Why It Matters: Without activation functions, neural networks would be limited to linear transformations, unable to learn complex patterns.

[Chapter 1] → Neuron, Forward Propagation


Adam Optimizer

Definition: Adaptive Moment Estimation optimizer that combines momentum and adaptive learning rates.

Formula:

m_t = β₁ * m_{t-1} + (1-β₁) * g_t
v_t = β₂ * v_{t-1} + (1-β₂) * g_t²
θ_t = θ_{t-1} - α * m_t / (√v_t + ε)

Key Features:

  • Maintains moving averages of gradients
  • Adapts learning rate per parameter
  • Generally works well out-of-the-box

[Chapter 2] → Optimizer, Gradient Descent, Learning Rate


Attention Mechanism

Definition: A mechanism that allows models to focus on relevant parts of input sequences by computing weighted combinations based on learned importance scores.

Core Computation:

Attention(Q, K, V) = softmax(QK^T / √d_k) * V

Components:

  • Query (Q): What we're looking for
  • Key (K): What we're matching against
  • Value (V): What we retrieve

Types:

  • Self-attention: Attention within same sequence
  • Cross-attention: Attention between two sequences
  • Multi-head attention: Multiple attention operations in parallel

[Chapter 5] → Query, Key, Value, Transformer


Autoregressive

Definition: A property where the model generates outputs sequentially, with each token depending on all previous tokens.

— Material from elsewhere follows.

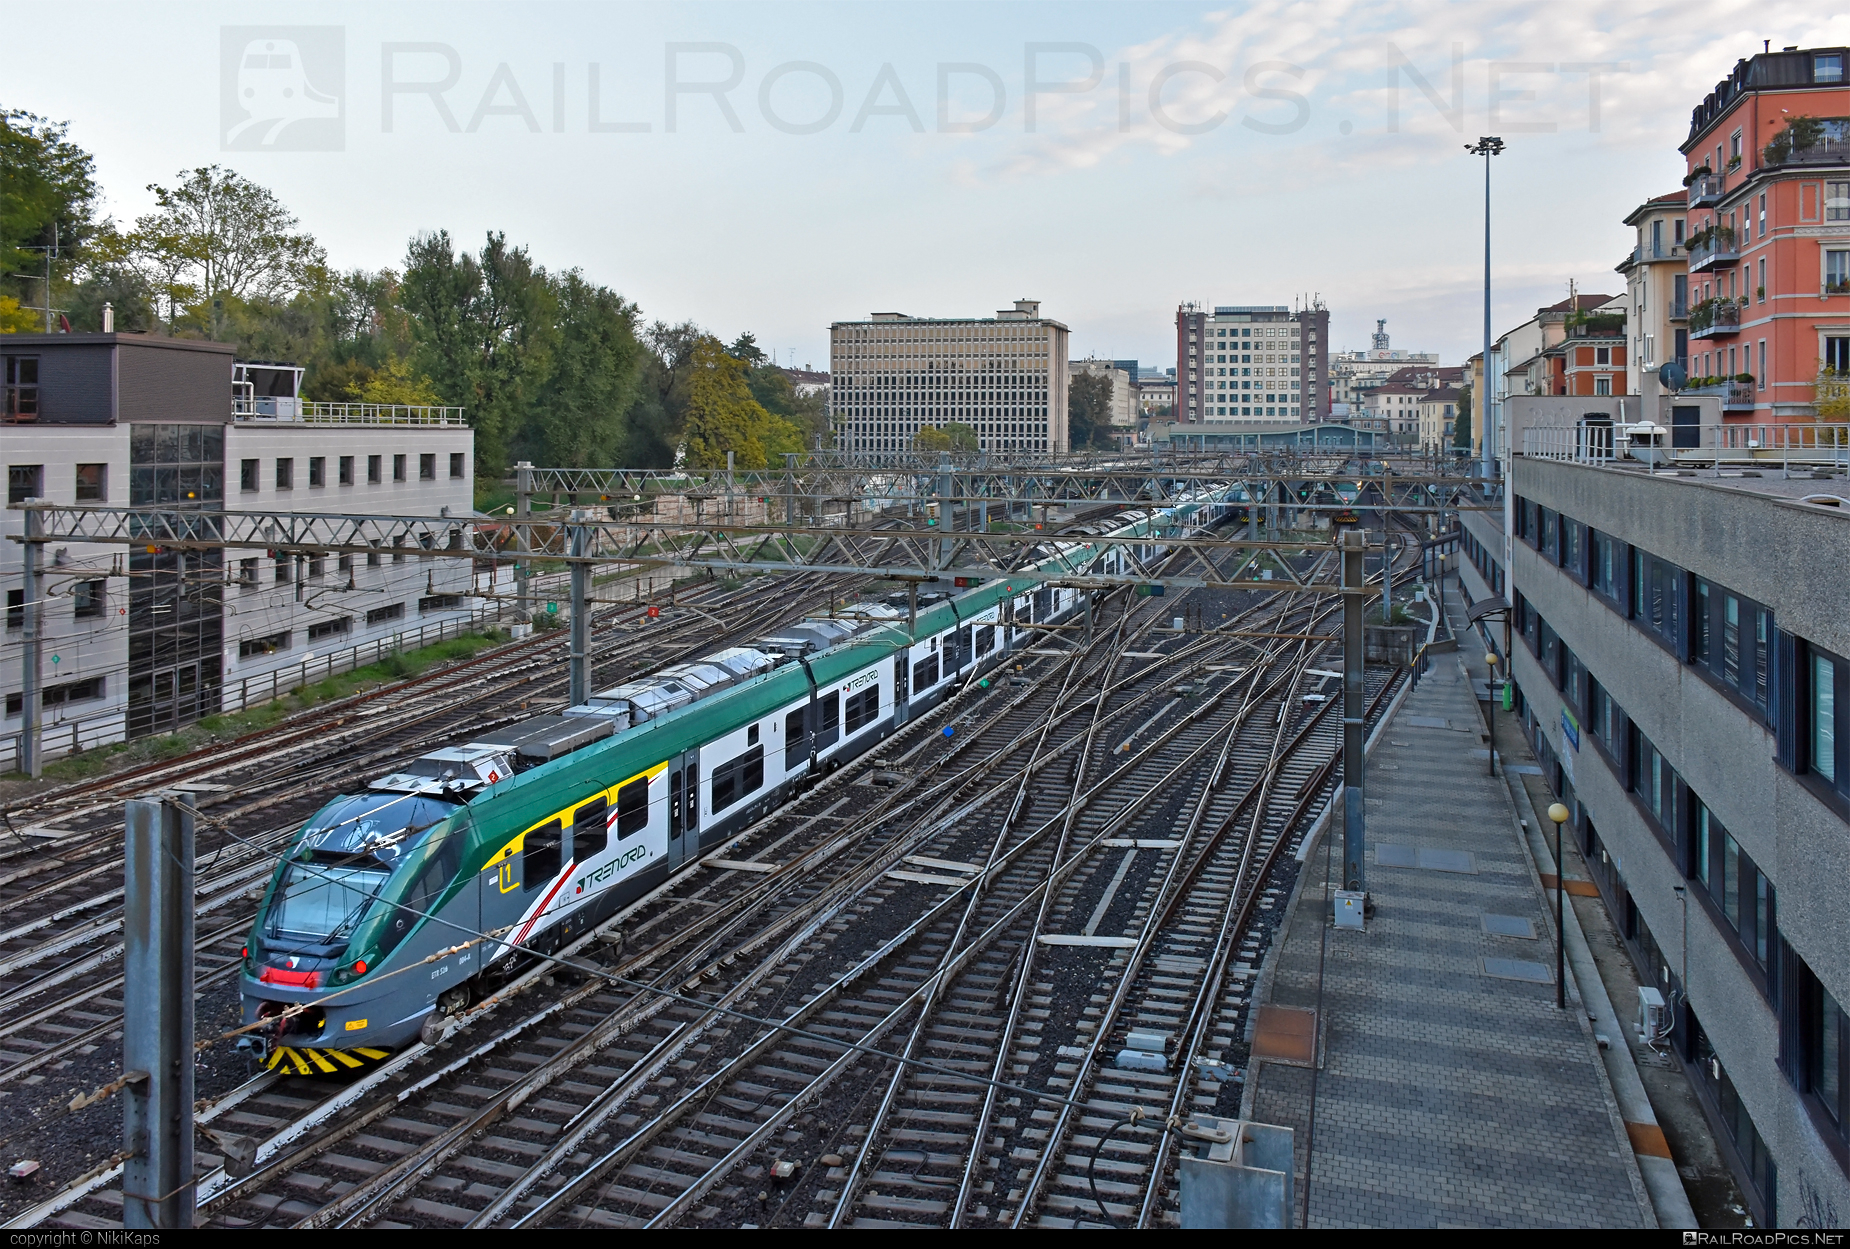 Alstom Coradia Meridian (ETR.526) - ETR 526 004-A operated by TRENORD #alstom #alstomCoradia #coradia #coradiaMeridian #etr526 #trenord

Example: In language generation, predicting "the cat sat on the ___", the next word depends on all previous words.

Contrast with:

  • Non-autoregressive: Generates all outputs in parallel
  • Masked LM: Can attend to both past and future

[Chapter 11] → Causal Language Model, Generation


B

Backpropagation

Definition: An algorithm for computing gradients of loss with respect to model parameters using the chain rule of calculus.

Process:

  1. Forward pass: Compute predictions
  2. Compute loss
  3. Backward pass: Compute gradients
  4. Update parameters

Why Critical: Enables training deep neural networks by efficiently computing how to adjust parameters to reduce loss.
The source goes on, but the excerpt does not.